Sounds like it's just another tool in a coding arsenal! As long as you take care to verify things like you did, I can't see why it'd be a bad idea. It's when you blindly trust that things go wrong.

My workplace of 5 employees and 2 owners have embraced it as an additional tool.

We have Copilot inside Visual studio professional and it’s a great time saver. We have a lot of boiler plate code that it can learn from and why would i want to waste valuable time writing the same things over and over. If every list page follows the same pattern then it’s boring we are paid to solve problems not just write the same things.

We even have a tool powered by AI made by the owner which we can type commands and it will scaffold all our boiler plate. Or it can watch the project and if I update a model it will do the mutations and queries in c# set up the graphql layer and then implement some views in react typescript.

[–] HakFoo@lemmy.sdf.org 0 points 1 week ago (1 children)

My objections:

  1. It doesn't adequately indicate "confidence". It could return "foo" or "!foo" just as easily, and if that's one term in a nested structure, you could spend hours chasing it.
  2. So many hallucinations-- inventing methods and fields from nowhere, even in an IDE where they're tagged and searchable.

Instead of writing the code now, you end up having to review and debug it, which is more work IMO.

I stopped using it after the third time it just wholesale made up powershell cmdlets that don’t exist.

Until it has fidelity it’s just a toy.

[–] Bougie_Birdie@lemmy.blahaj.zone 0 points 1 week ago (1 children)

A lot of the criticism comes with AI results being wrong a lot of the time, while sounding convincingly correct. In software, things that appear to be correct but are subtly wrong leads to errors that can be difficult to decipher.

Imagine that your AI was trained on StackOverflow results.

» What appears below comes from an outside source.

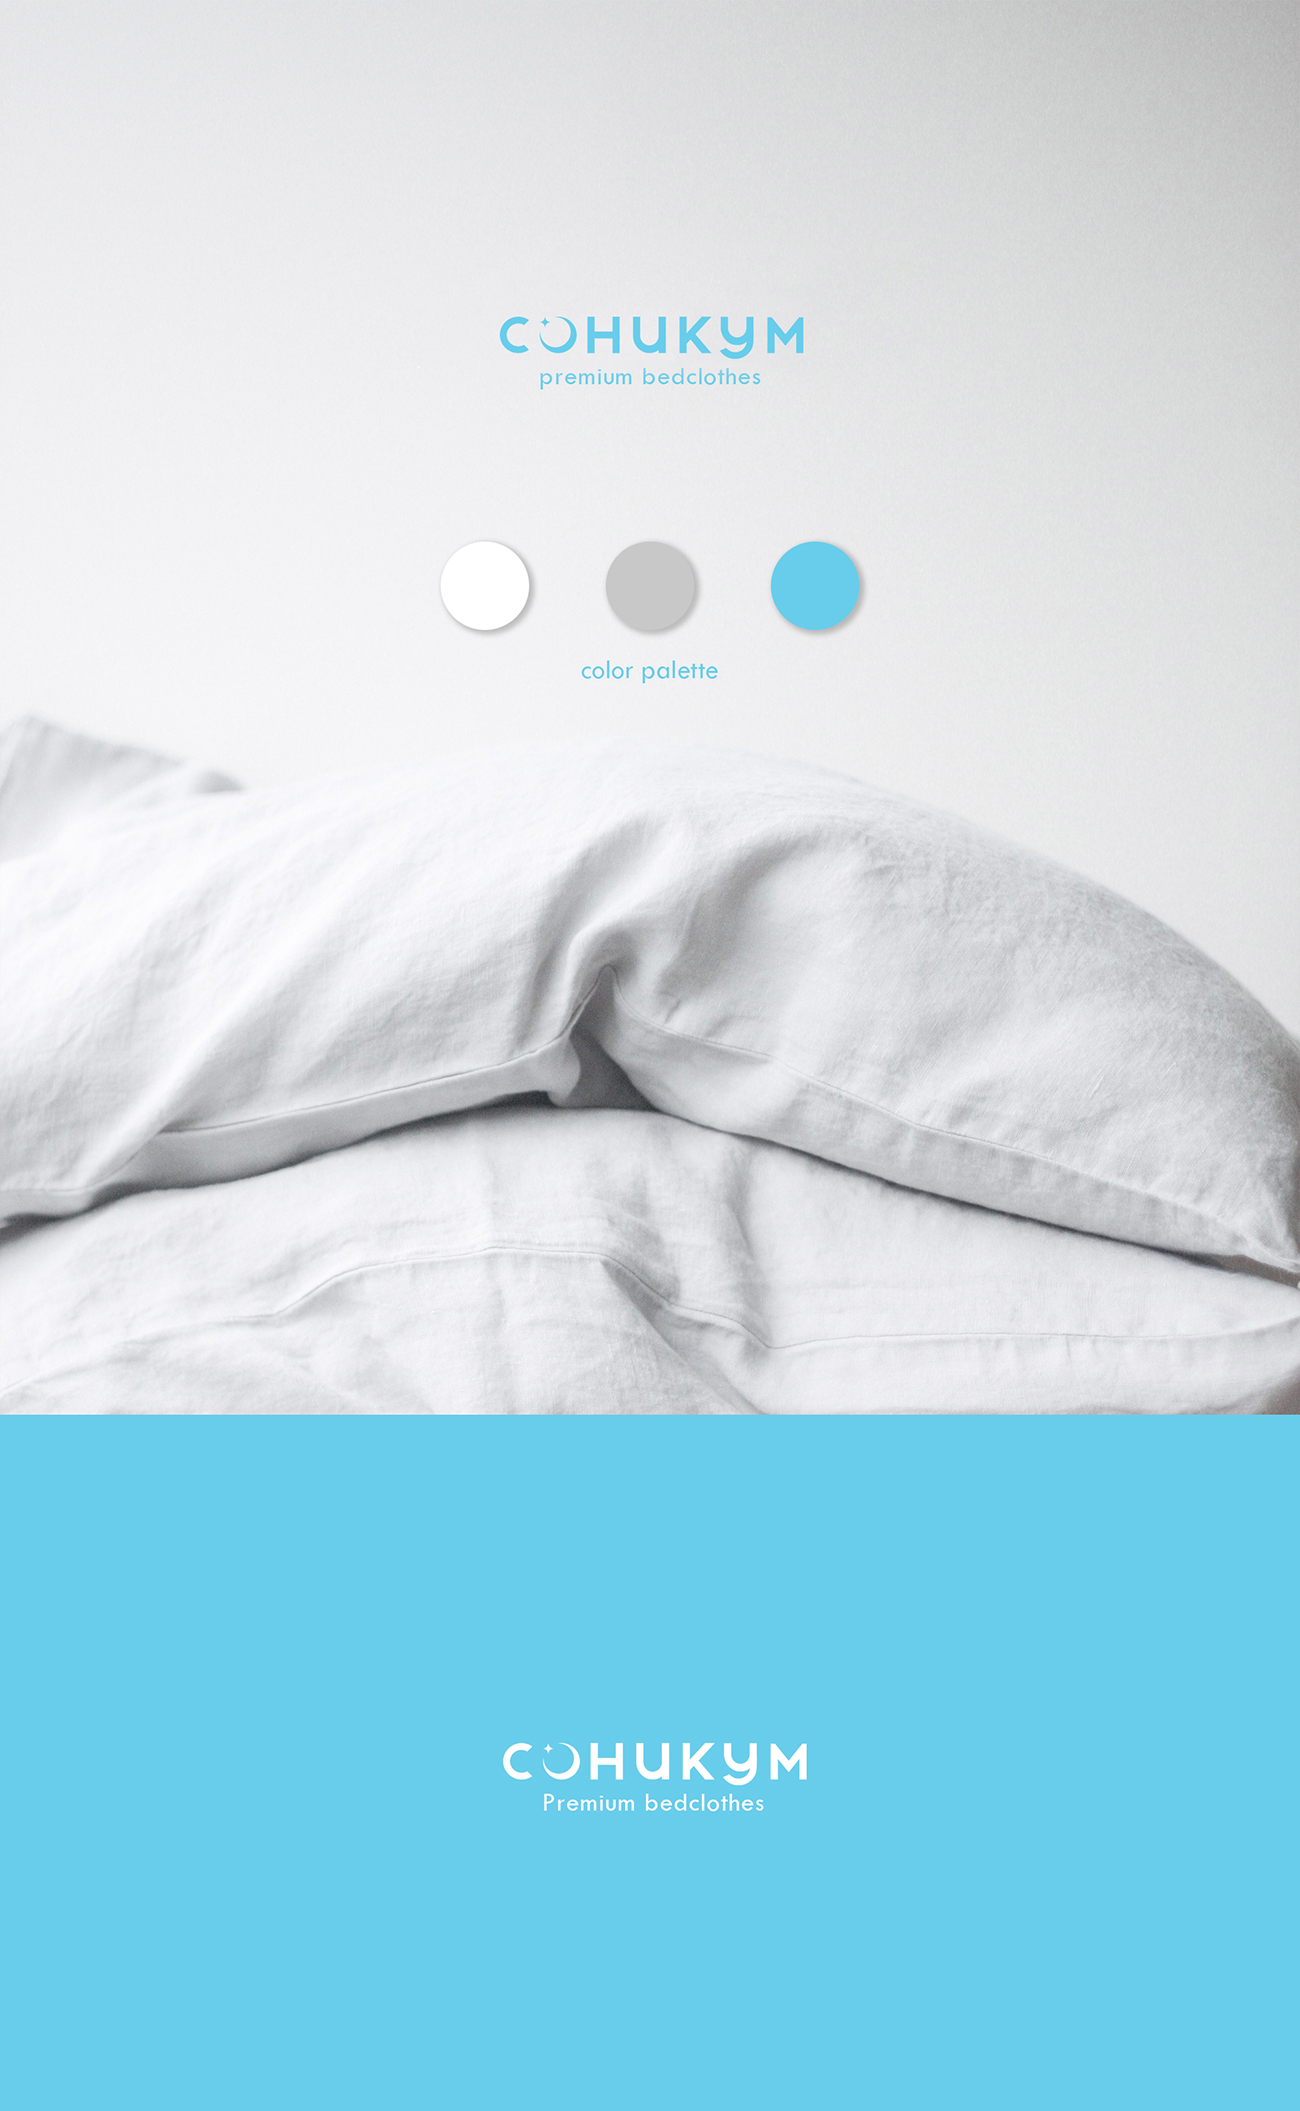 Логотип бренда производителя подушек и одеял (Конкурс - 1 место)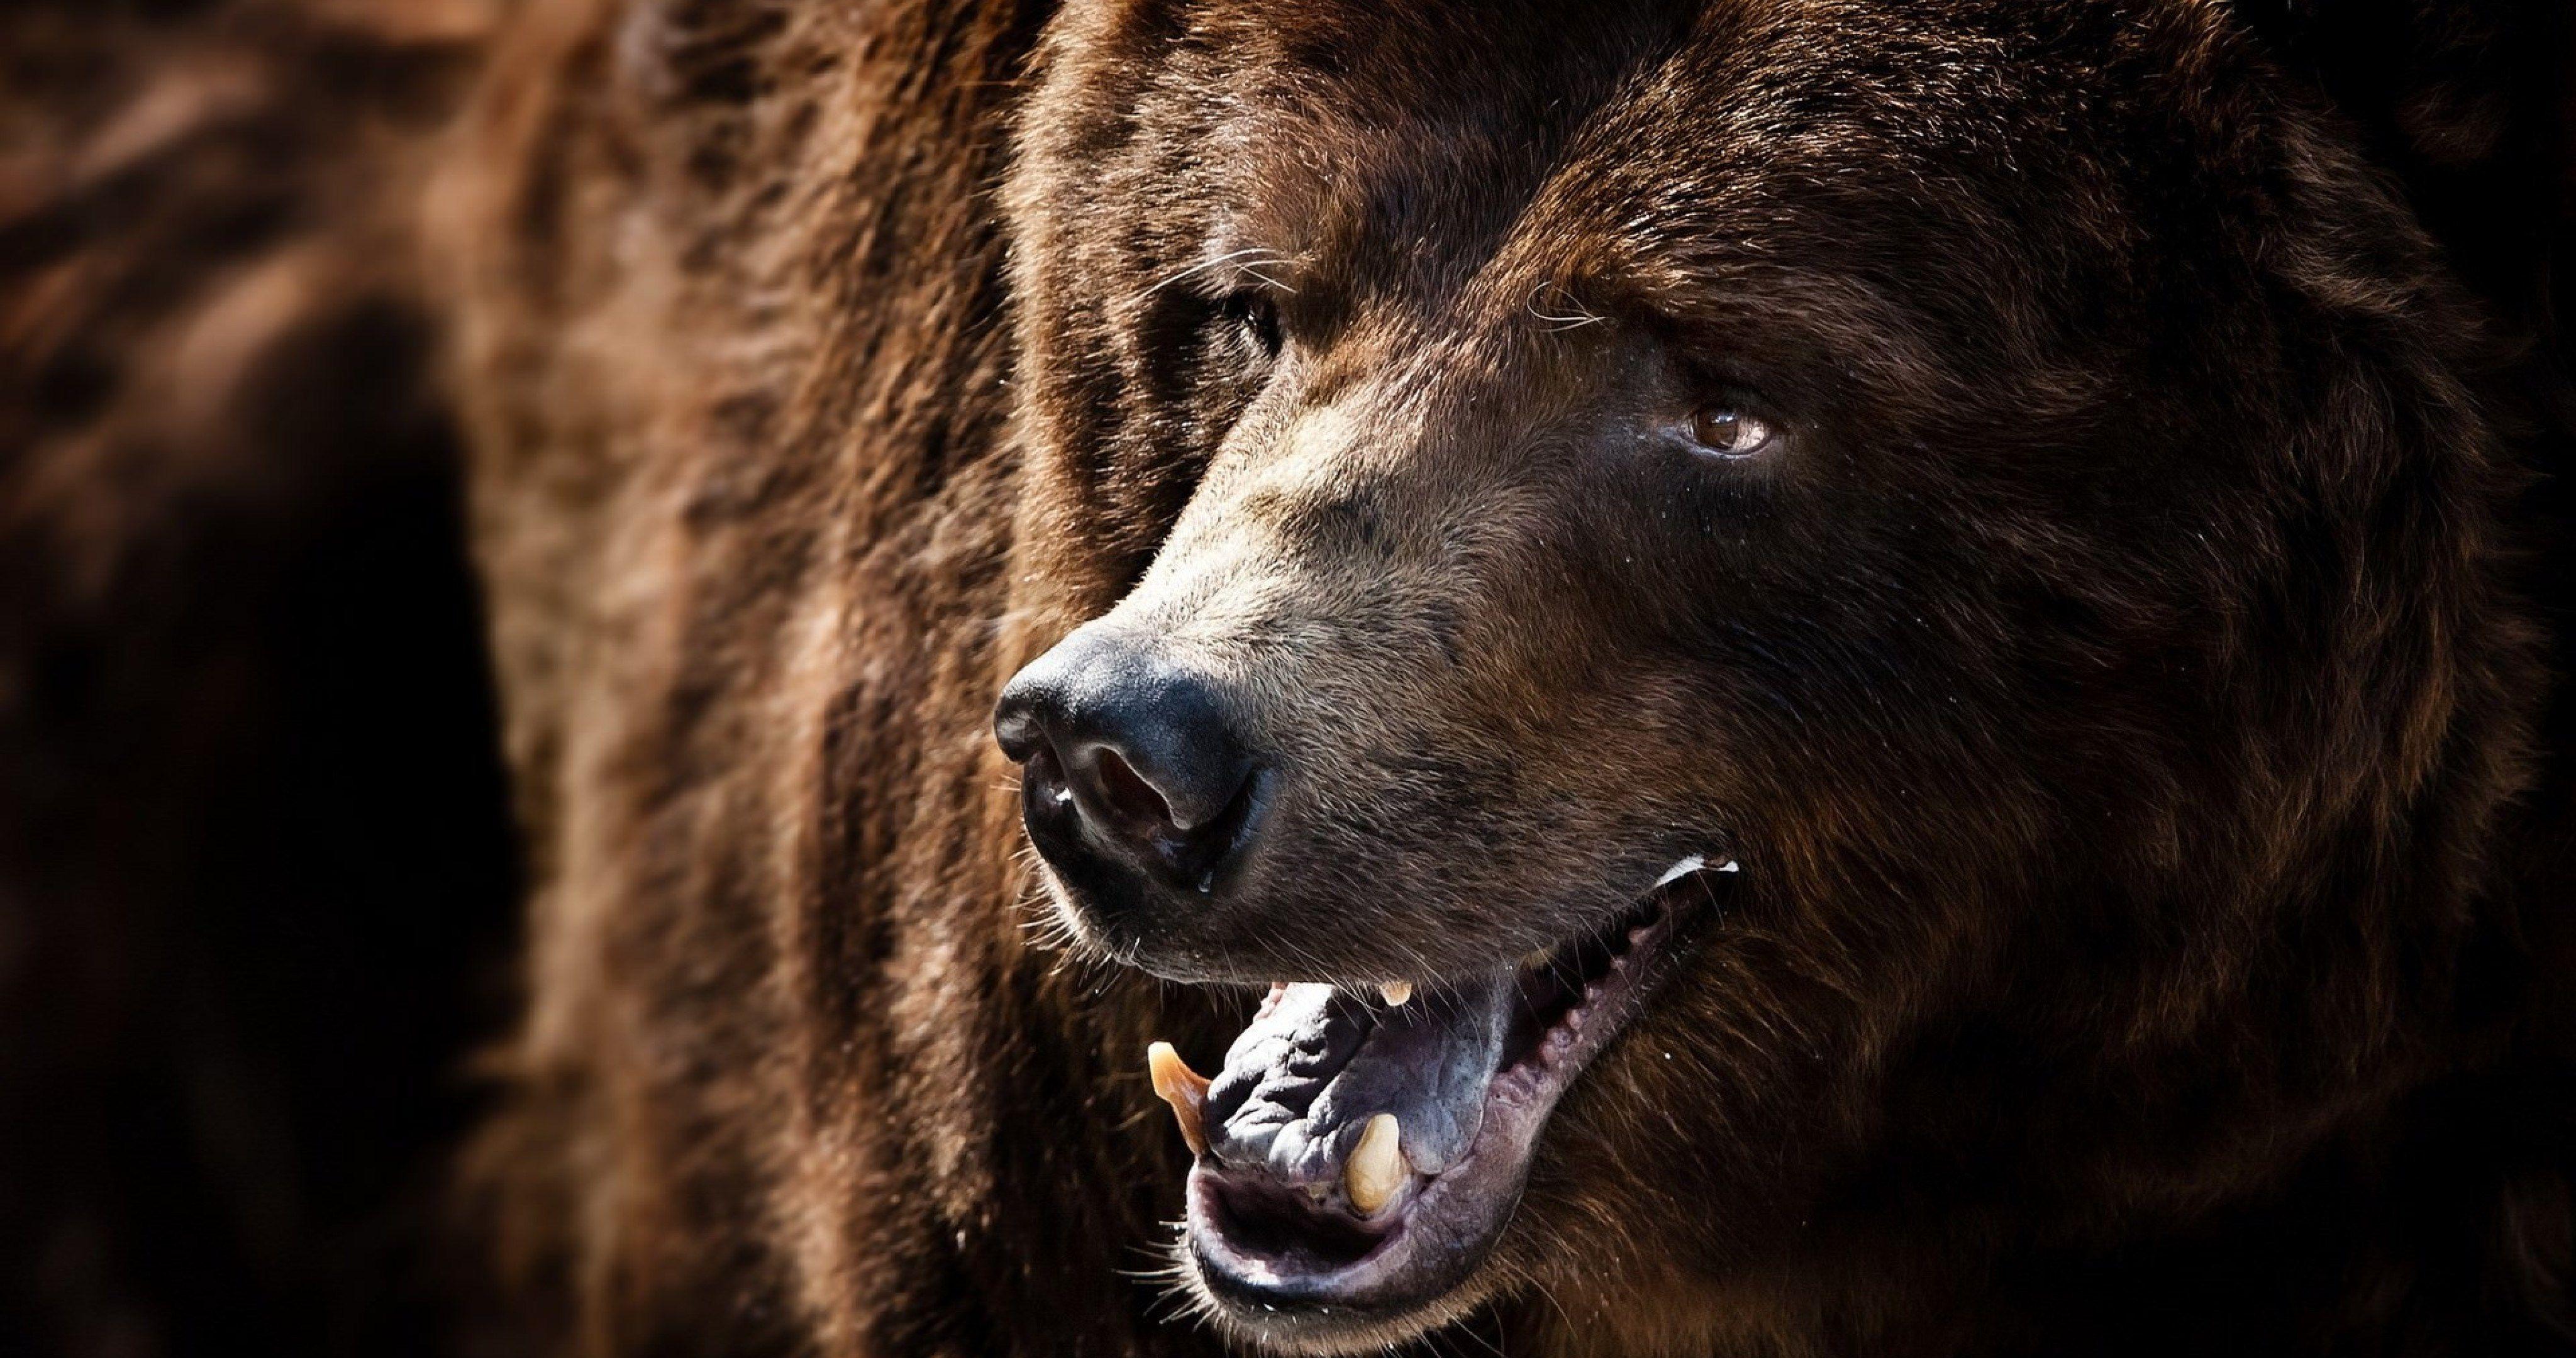 grizzly bear wallpaper 4k ultra hd wallpaper Bear, Bear

It learns from the questions as well as the answers, but the questions will often include snippets of code that just don't work.

The workflow of using AI resembles something like the relationship between a junior and senior developer. The junior/AI generates code from a spec/prompt, and then the senior/prompter inspects the code for errors. If we remove the junior from the equation to replace with AI, then entry level developer jobs are slashed, and at the same time people aren't getting the experience required to get to the senior level.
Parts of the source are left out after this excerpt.